Microbiology Building Better Antibacterials

Nancy R. Gough

Science Signaling, AAAS, Washington, DC 20005, USA

With the increasing resistance of bacteria to antibiotics, there is a growing need for alternate therapeutic strategies to treat bacterial infection. Swem et al. built upon previous work in which their group identified a synthetic compound (4606-4237) that interfered with a type of bacterial communication called quorum sensing, which has been implicated in bacterial pathogenicity. Quorum sensing can occur through two different receptor signaling pathways. LuxN-type quorum sensing occurs at the cell surface, with LuxN-type receptors binding extracellular acyl-homoserine lactones (AHLs) and signaling through a two-component histidine phosphorelay to regulate transcription. The second involves the LuxR type of proteins, which are cytoplasmic and typically stabilized by binding to AHLs, whereupon they bind DNA to promote transcription. Swem et al. report that 4606-4237, known to antagonize LuxN-type receptors, as well as two new derivatives of this compound, chlorothiolactone (CTL) and chlorolactone (CL), antagonized the activity of LuxR-type receptors from the bacteria Chromobacterium violaceum.

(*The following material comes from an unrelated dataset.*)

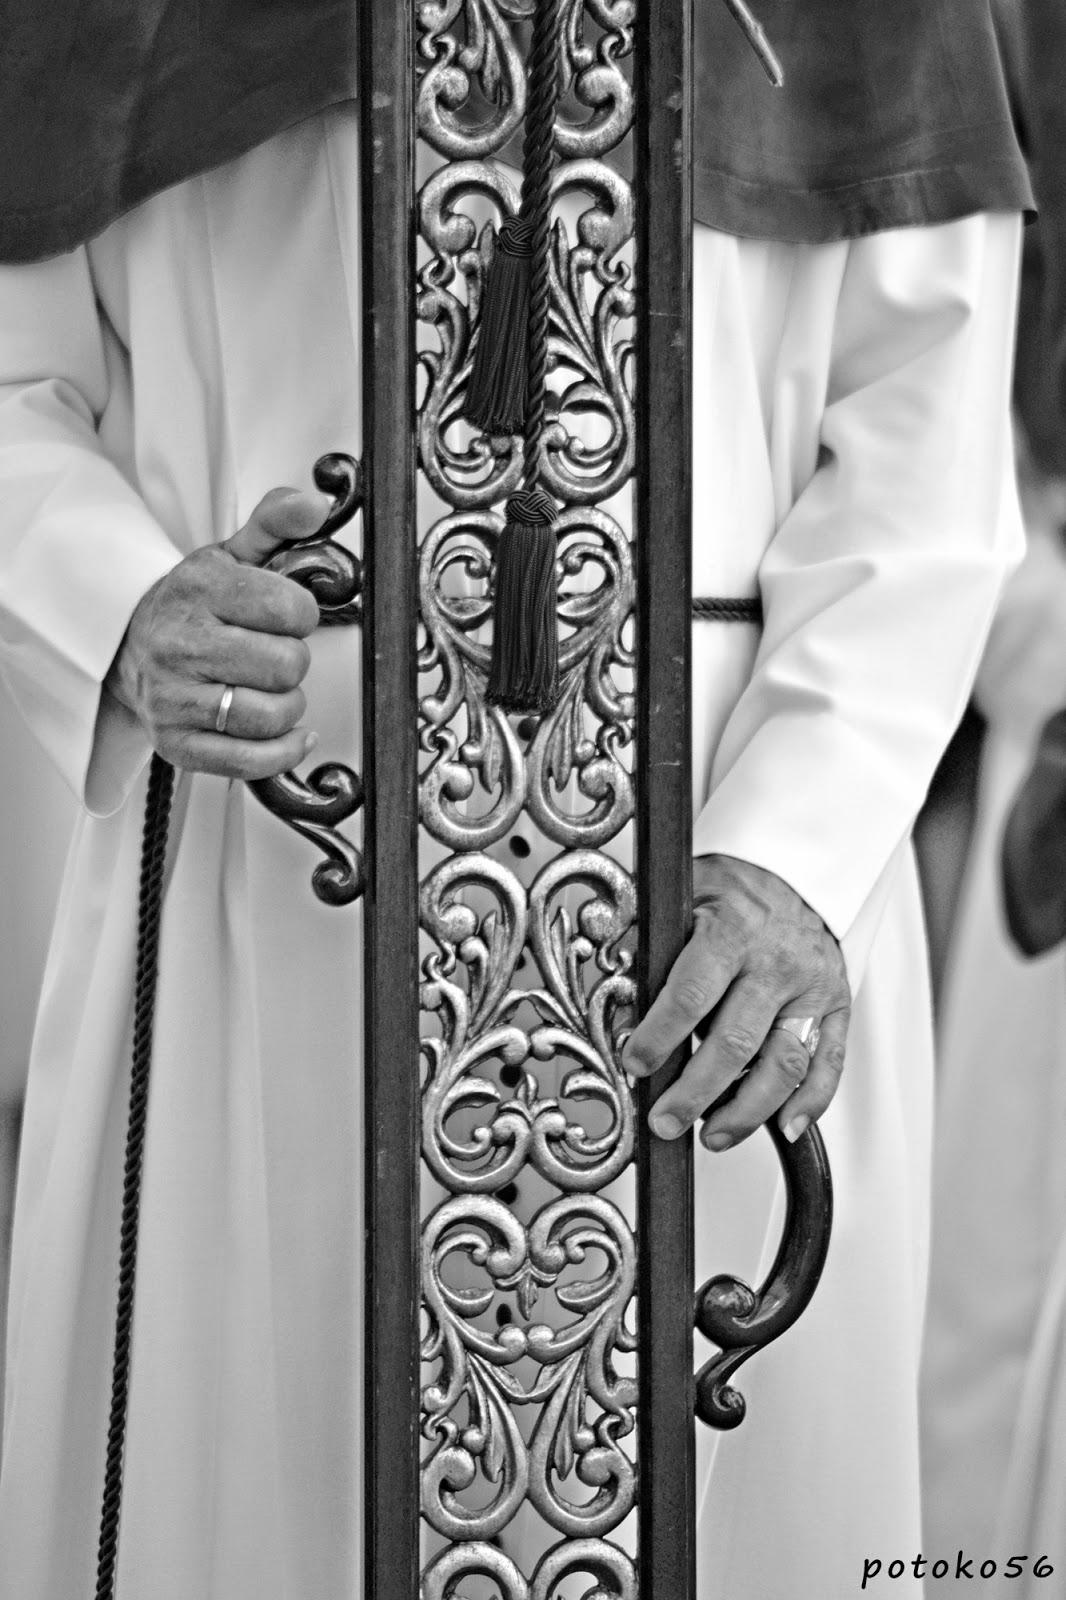 Detalles del agarre de la Cruz de Guia Rota

These compounds inhibited the transcriptional activity of the LuxR-type receptor CviR. Although the solubility of CviR was increased in the presence of these antagonists (just as in the presence of AHLs), CviR bound to the antagonists but failed to bind DNA. Swem et al. found that the two new compounds, CTL and CL, also inhibited LuxN signaling in Vibrio harveyi, and the order of potency of the compounds was similar for both types of quorum sensing: CL > CTL > 4606-4237. Survival of Caenorhabditis elegans infected with C. violaceum was improved by the application of the antagonists, validating the therapeutic potential of these antagonists. Thus, this type of antagonist may provide effective lead compounds for developing drugs to combat Gram-negative bacterial infection.

L. R. Swem, D. L. Swem, C. T. O’Loughlin, R. Gatmaitan, B. Zhao, S. M. Ulrich, B. L. Bassler, A quorum-sensing antagonist targets both membrane-bound and cytoplasmic receptors and controls bacterial pathogenicity. Mol. Cell 35, 143–153 (2009).[Online Journal]

Citation: N. R. Gough, Building Better Antibacterials. Sci. Signal. 2, ec259 (2009).